Briefing note. First day of International Symposium on Enforced Disappearance in Mexico.

On June 5th, 2013, United Forces of Our Disappeared in Coahuila and Mexico (FUUNDEC/FUNDEM) organized a three day international event on Enforced Disappearances in Mexico in the city of Saltillo, capital of the state of Coahuila.  This is the first event of its kind in Mexico because it brings together the relatives of the disappeared, local and federal state authorities and national and international experts on the issue. The event began with the words of one of the members of FUUNDEC/FUNDEM, Lourdes Herrera.  She is the mother of Brandon Esteban, who is 8 year-old boy that was disappeared in August 2009. “I represent all families of the disappeared, …We hope that the outcome of these three days of work go beyond words to reach real commitments from all stakeholders in order to address our legitimate demands: the immediate search of our relatives and the right to justice and truth.” After her participation, all families claimed: “Our relatives were taken away from us alive, we want them back alive!”

Following the opening speech from Lourdes Herrera, Reinar Huhle, member of UN Committee against Enforced Disappearance mentioned in his keynote that enforced disappearances have become generalized phenomena.  It is not only found in military dictatorships but also in democracies such as Colombia and Mexico.  In the latter contexts, enforced disappearances become more complex given the involvement of both state and non-state actors.

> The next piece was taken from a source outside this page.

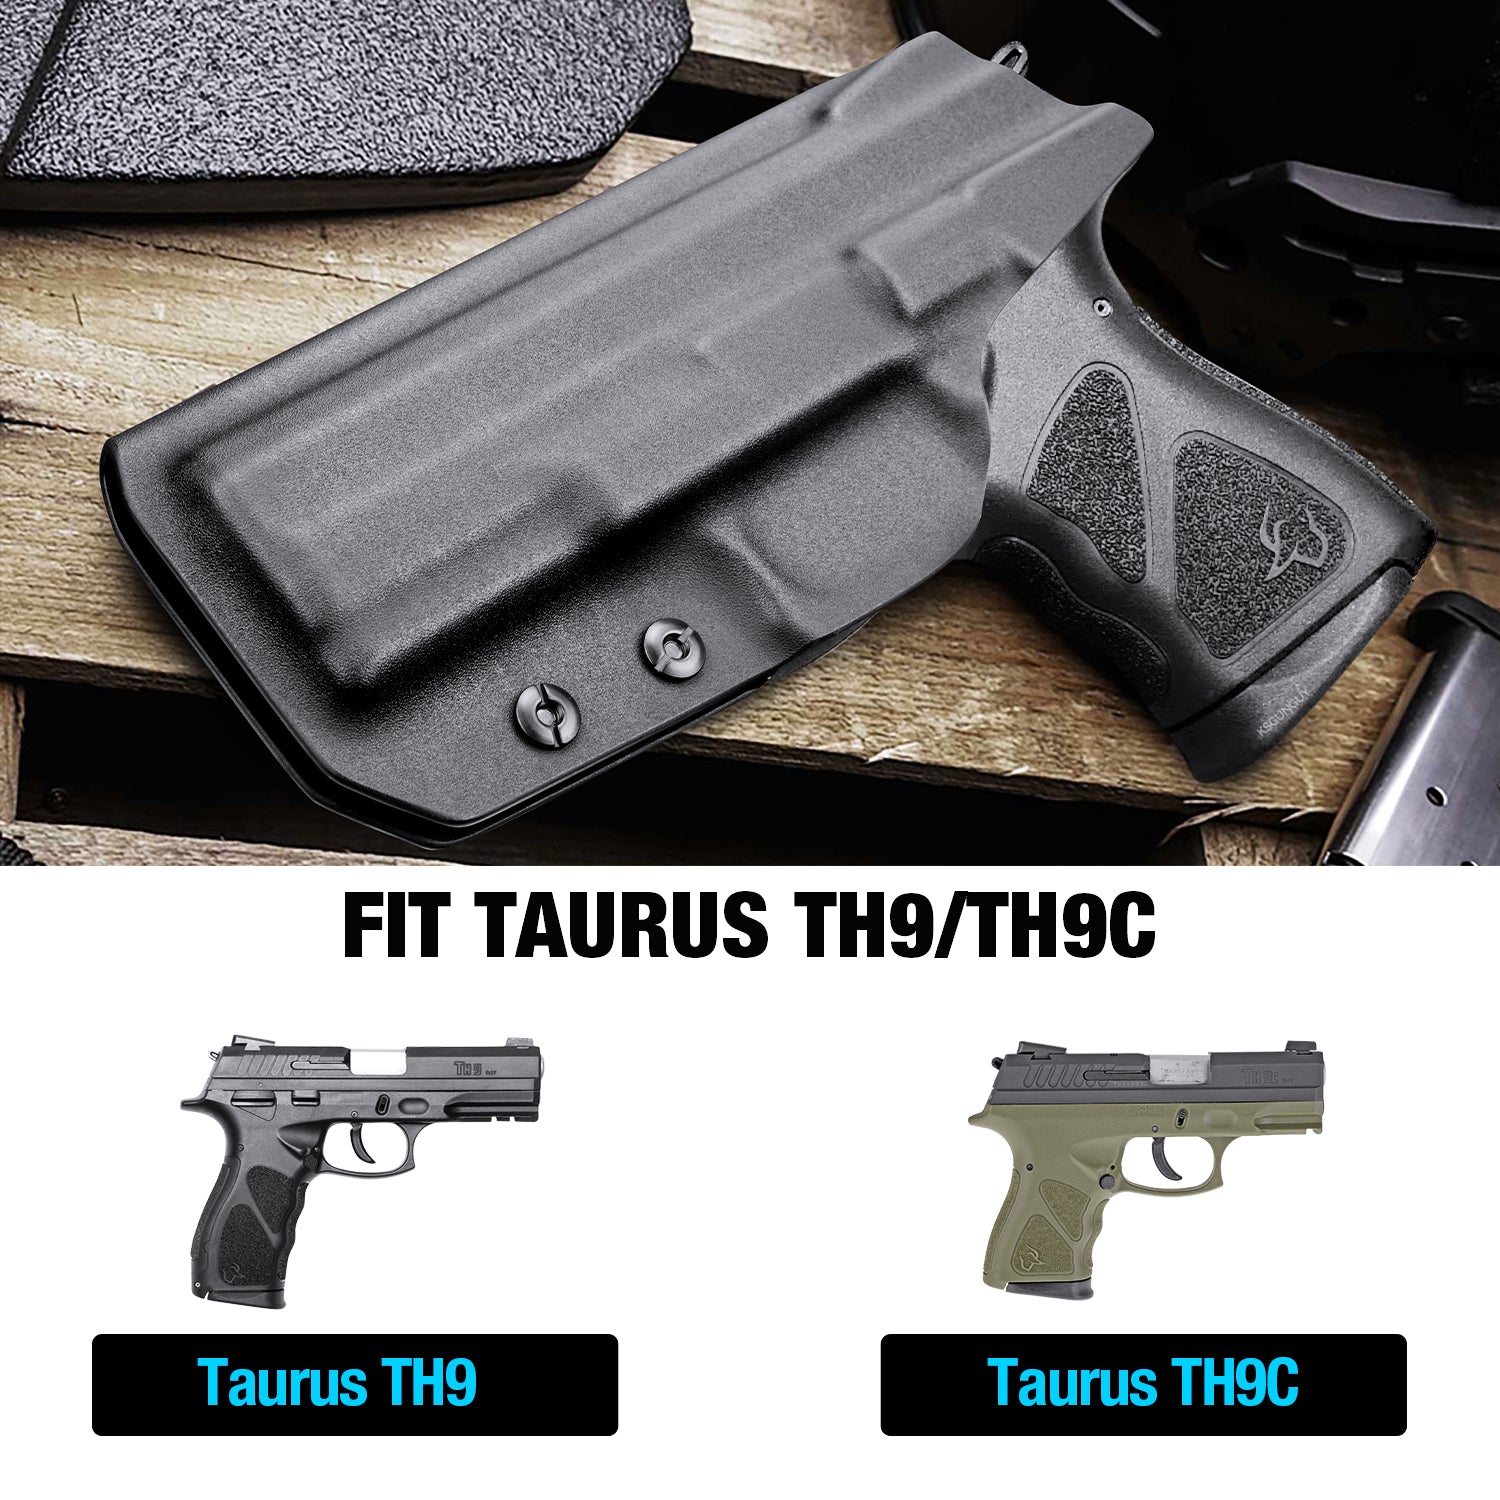 Taurus TH9 IWB Kydex Holster - Made in U.S.A. - Concealed Holsters
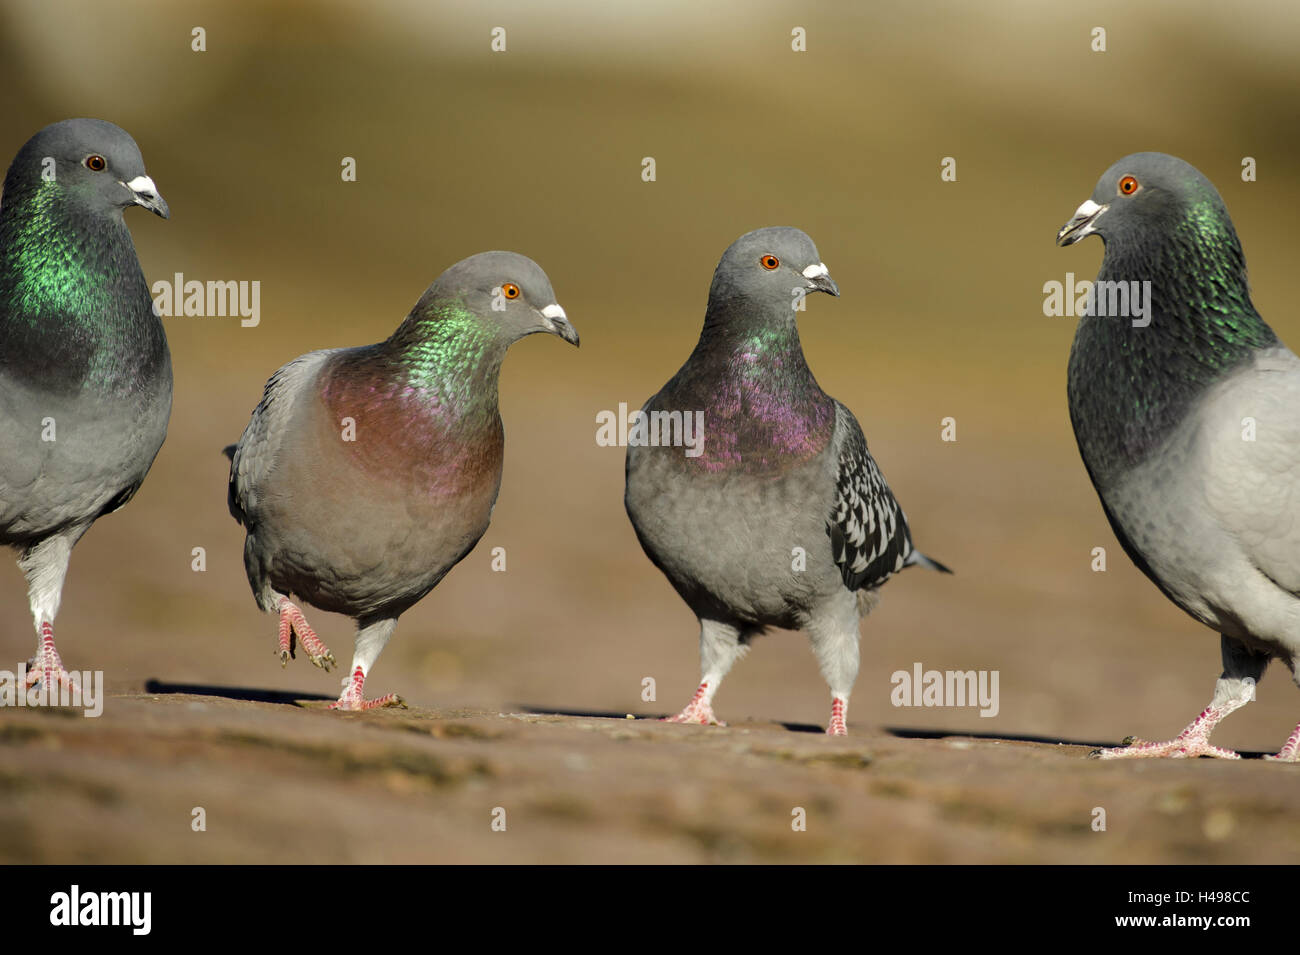 Town pigeons, courtship display, Stock Photo

The second keynote speaker was Roberto Garretón. He is an expert on enforced disappearance from Chile. He discussed how the state is always involved in any human rights violation. In the case of enforced disappearance, this includes not only the direct intervention of state actors but also their negligence and distortion of information. He focused on the Chilean experience. According to Garretón, the work of human rights defenders should be the search for the truth through interdisciplinary research and the recording of all cases of disappearance. He also mentioned how Mexico has not received any solidarity from Chile and Argentina in this human security crisis, even though Mexico opened its doors to refugees during military dictatorships and supported those Chileans and Argentineans who were fighting against enforced disappearances in their countries.Image

FUUNDEC’s February Meeting with State Authorities

On February 9th, the United Forces for our Disappeared in Coahuila (FUUNDEC) held a meeting with members of the Independent Working Group on Forced Disappearances, and several state and federal authorities.  State authorities included the Governor of the State of Coahuila, Lic. Rubén Ignacio Moreira Valdez, the Secretariat of Legal Affairs and Human Rights of the Secretary of the Interior (SEGOB), Lia Limón Garcia, the Human Rights Department of the Attorney General Office (PGR), Ricardo Garcia Cervantes, the State Coordinator for the Federal Police in Coahuila Commissioner, Eduardo Valiente Hernández, and the Congresswoman Miriam Cárdenas Cantu.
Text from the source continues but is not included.